In the following sentences, where the second half of the sentence is not an independent clause (because it does not contain an explicit subject), those guides prescribe that the comma be omitted:
 Mary walked to the party but was unable to walk home.
 I think designer clothes are silly and can't afford them anyway.
However, such guides permit the comma to be omitted if the second independent clause is very short, typically when the second independent clause is an imperative, as in:
 Sit down and shut up.
The above guidance is not universally accepted or applied.
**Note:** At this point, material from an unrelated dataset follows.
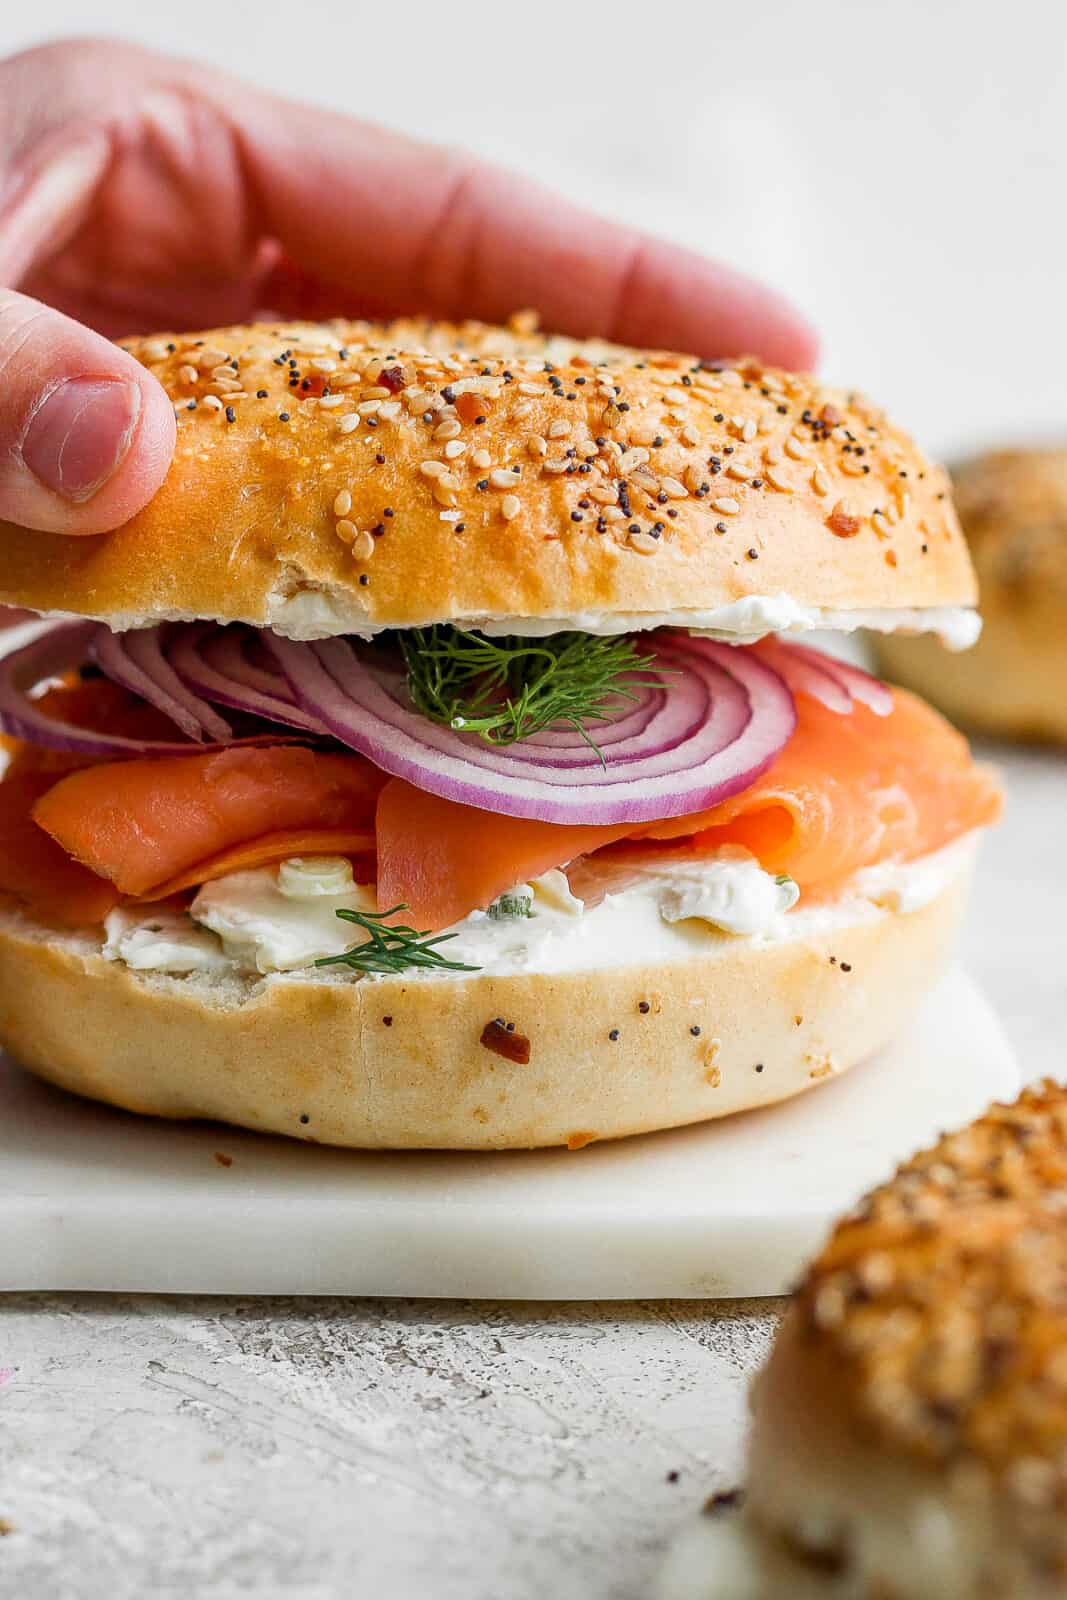 A hand placing the top half of a bagel on top.

Long coordinate clauses are nonetheless usually separated by commas:
 She had very little to live on, but she would never have dreamed of taking what was not hers.

A comma between clauses may change the connotation, reducing or eliminating ambiguity. In the following examples, the thing in the first sentence that is very relaxing is the cool day, whereas in the second sentence it is the walk, since the introduction of commas makes "on a cool day" parenthetical:

They took a walk on a cool day that was very relaxing.

They took a walk, on a cool day, that was very relaxing.

If another prepositional phrase is introduced, ambiguity increases, but when commas separate each clause and phrase, the restrictive clause can remain a modifier of the walk:

They took a walk in the park on a cool day that was very relaxing.

They took a walk, in the park, on a cool day, that was very relaxing.

In some languages, such as German and Polish, stricter rules apply on comma use between clauses, with dependent clauses always being set off with commas, and commas being generally proscribed before certain coordinating conjunctions.

The joining of two independent sentences with a comma and no conjunction (as in "It is nearly half past five, we cannot reach town before dark.") is known as a comma splice and is sometimes considered an error in English; in most cases a semicolon should be used instead. A comma splice should not be confused, though, with the literary device called asyndeton, in which coordinating conjunctions are purposely omitted for a specific stylistic effect.

Etymology
Beginning in the 17th century, an element of a conjunction was known as a conjunct. A conjunction itself was then called a connective. That archaic term, however, diminished in usage during the early 20th century. In its place, the terms coordinating conjunction (coined in the mid-19th century) and correlative conjunction (coined in the early 19th century) became more commonly used.

Coordinating conjunctions
Coordinating conjunctions, also called coordinators, are conjunctions that join, or coordinate, two or more items (such as words, main clauses, or sentences) of equal syntactic importance. In English, the mnemonic acronym FANBOYS can be used to remember the most commonly used coordinators: for, and, nor, but, or, yet, and so. These are not the only coordinating conjunctions; various others are used, including: "and nor" (British), "but nor" (British), "neither" ("They don't gamble, neither do they smoke"), "no more" ("They don't gamble, no more do they smoke"), and "only" ("I would go, only I don't have time"). Types of coordinating conjunctions include cumulative conjunctions, adversative conjunctions, alternative conjunctions, and illative conjunctions.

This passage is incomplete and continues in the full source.